一.准备示例数据
下载:链接:https://pan.baidu.com/s/1_b8swSkWDqIHZi6UwKaspA 提取码:pll7
文件说明
示例数据,其中数据均为虚拟数据,与实际生物学过程无关
文件名:dataset_heatmap.txt
列分别为:基因,cell1的5个重复样本,cell2的5个重复样本
行代表:每个基因在所有样本的FPKM值
二.绘制聚类热图
1.聚类热图绘制
# 执行前设置====================================
# 清空暂存数据
rm(list=ls())
# 载入R包
library(pheatmap)
# 设置工作目录
setwd("D:/R")
# 整理数据集====================================
# 载入数据
dataset <- read.table('resource/dataset_heatmap.txt',header = TRUE, row.names = 1)
# 截取表达矩阵的一部分数据来绘制热图
exp_ds = dataset[c(1:60),c(1:10)]
# 构建样本分类数据
cell_list=c(rep('cell_1',5),
rep('cell_2',5))
annotation_c <- data.frame(cell_list)
rownames(annotation_c) <- colnames(exp_ds)

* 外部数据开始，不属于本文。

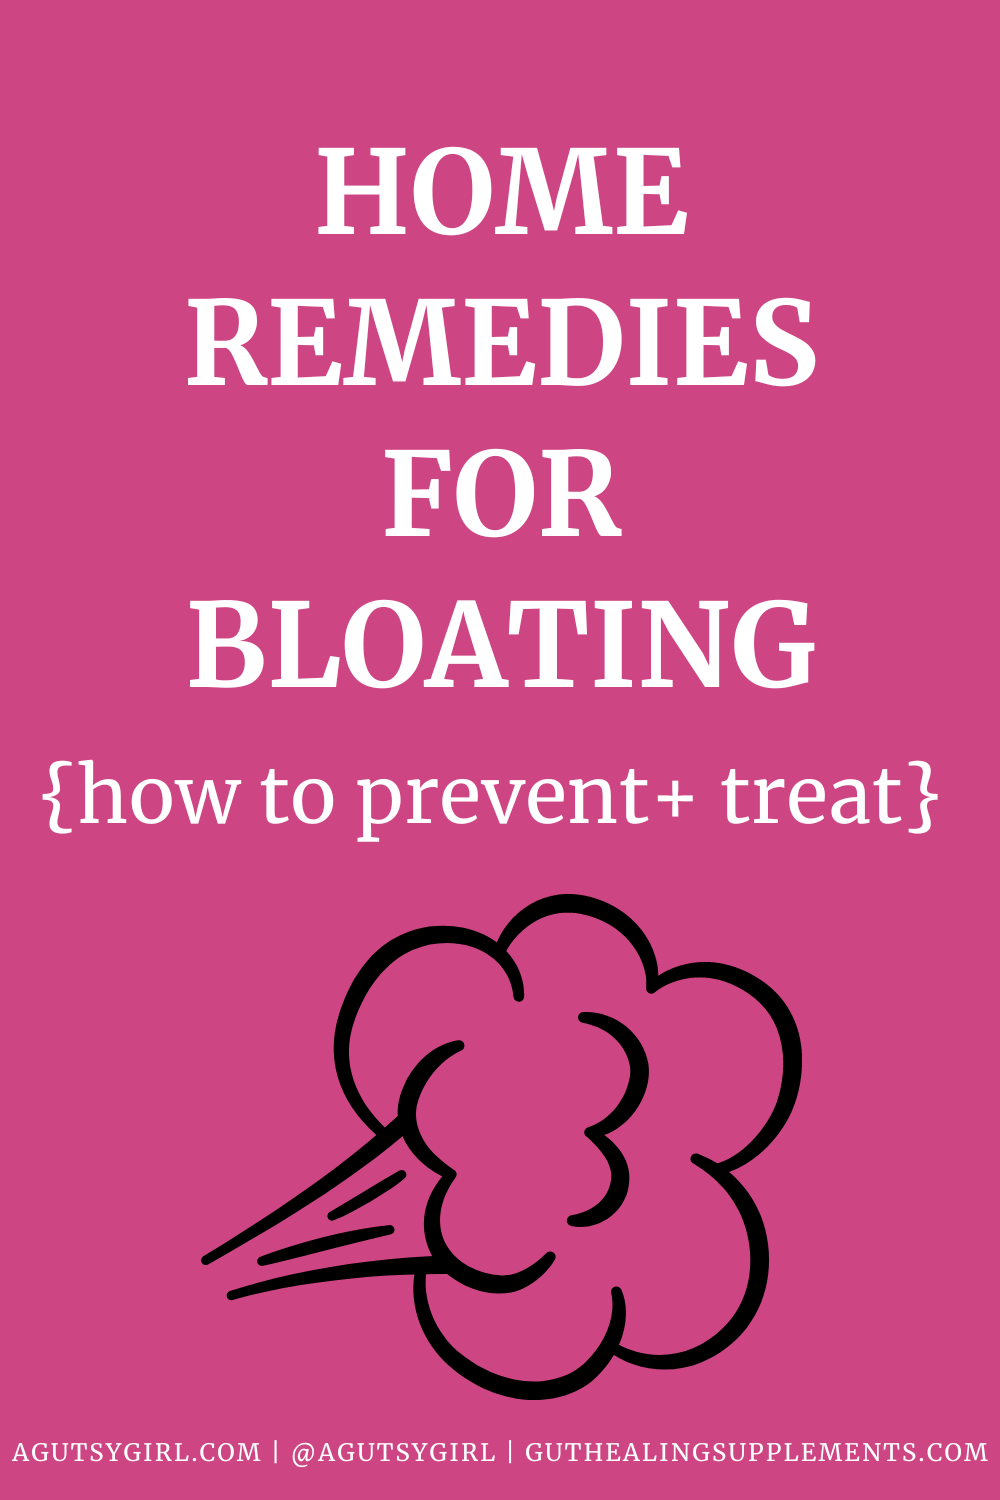 FABULOUS REMEDIES TO BEAT THE BLOAT
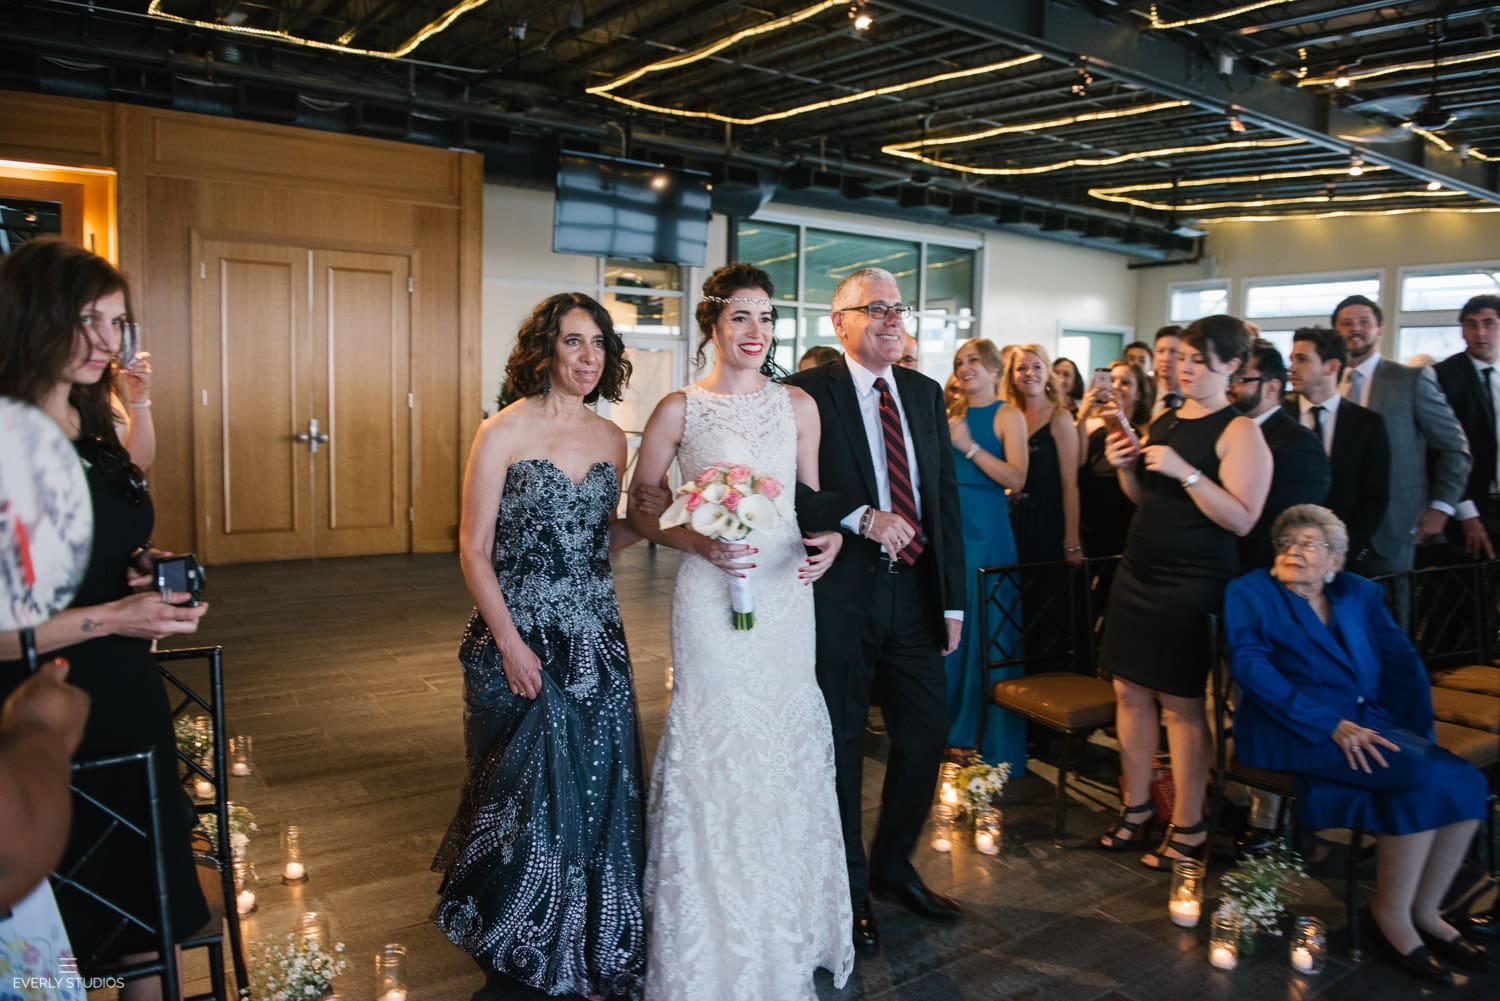 Chelsea Piers Sunset Terrace wedding on the Hudson River in NYC

# 绘制热图=====================================
pheatmap(exp_ds, #表达数据
cluster_rows = T,#行聚类
cluster_cols = T,#列聚类
annotation_col =annotation_c, #样本分类数据
annotation_legend=TRUE, # 显示样本分类
show_rownames = T,# 显示行名
show_colnames = T,# 显示列名
scale = "row", #对行标准化
color =colorRampPalette(c("#8854d0", "#ffffff","#fa8231"))(100) # 热图基准颜色
)
2. 无分类信息热图
# 执行前设置====================================
# 清空暂存数据
rm(list=ls())
# 载入R包
library(pheatmap)
# 设置工作目录
setwd("D:/R")
# 整理数据集====================================
# 载入数据
dataset <- read.table('resource/dataset_heatmap.txt',header = TRUE, row.names = 1)
# 截取表达矩阵的一部分数据来绘制热图
exp_ds = dataset[c(1:60),c(1:10)]
# 构建样本分类数据
cell_list=c(rep('cell_1',5),
rep('cell_2',5))
annotation_c <- data.frame(cell_list)
rownames(annotation_c) <- colnames(exp_ds)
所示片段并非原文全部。